A perspective transformation transforms the frustum (a pyramid with the top cut off) to a unit cube. An orthographic transformation transforms an arbitrary axis-aligned cuboid to a unit cube. The advantage of clipping after transformation is that the same equations will work for either a perspective or orthographic projection.
A point lies inside the cube if
-1 <= (x/w) <= 1
-1 <= (y/w) <= 1
-1 <= (z/w) <= 1
This can be re-arranged as:
-w <= x <= w
-w <= y <= w
-w <= z <= w
If you have an edge from P1=(x1,y1,z1,w1) to P2=(x2,y2,z2,w2), any point on the edge can be expressed as a linear interpolation of the endpoints:
P = P1 + t*(P2-P1)
For the individual components:
x = x1 + t*(x2-x1)
y = y1 + t*(y2-y1)
z = z1 + t*(z2-z1)
w = w1 + t*(w2-w1)
This will intersect the x=w plane when
x = w
=> x1 + t*(x2-x1) = w1 + t*(w2 - w1)
=> x1 - w1 = t*((w2 - w1) - (x2 - x1))
=> t = (x1 - w1)/((w2 - w1) - (x2 - x1))
Substituting t into the above equations gives the point of intersection of the edge with the plane. The equations for the other 5 planes are similar.

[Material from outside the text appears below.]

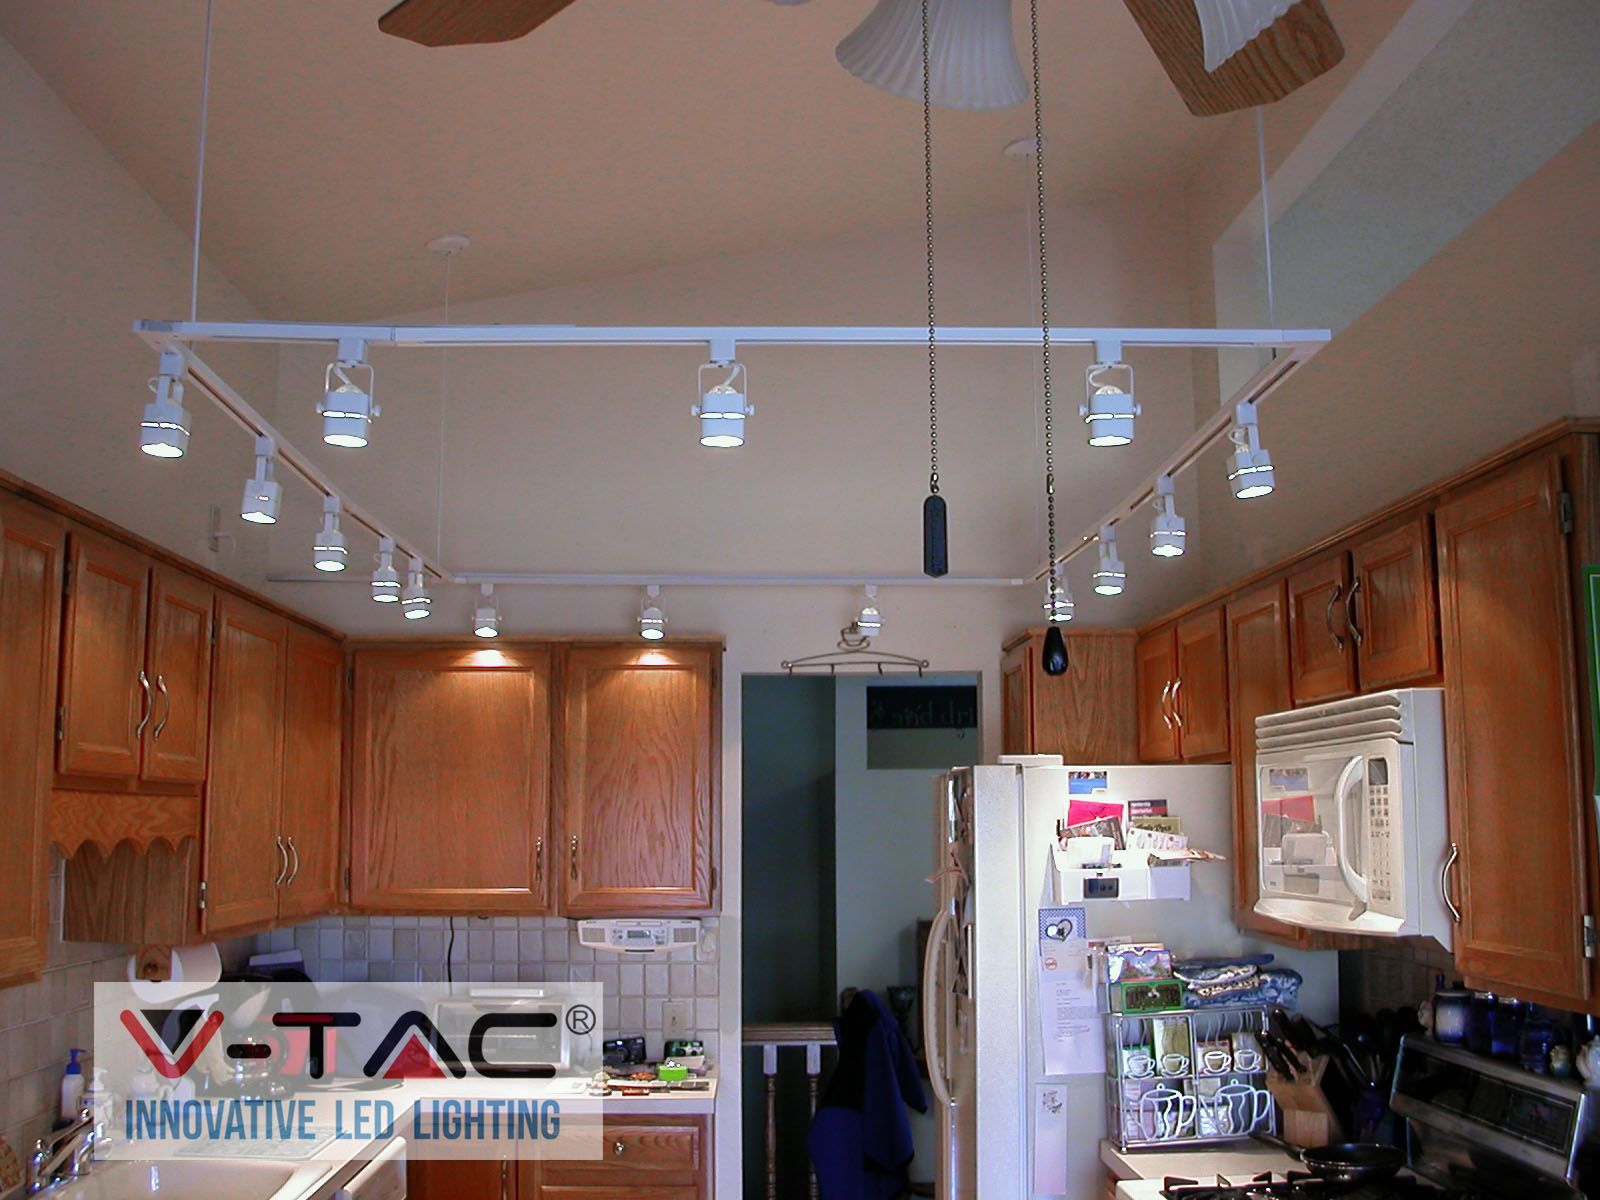 led track lighting for kitchen. # VTAC LED Track #. Office LightingKitchen Led Lighting For Kitchen

Significantly, the equations for other vertex attributes (e.g. colour, texture coordinates) are also similar (i.e. the same value of t is used for interpolating texture coordinates as for interpolating vertex coordinates). If you were to divide by w prior to clipping, this wouldn’t be true (you’d be interpolating texture coordinates etc in screen space rather than in world space, which gives the wrong result).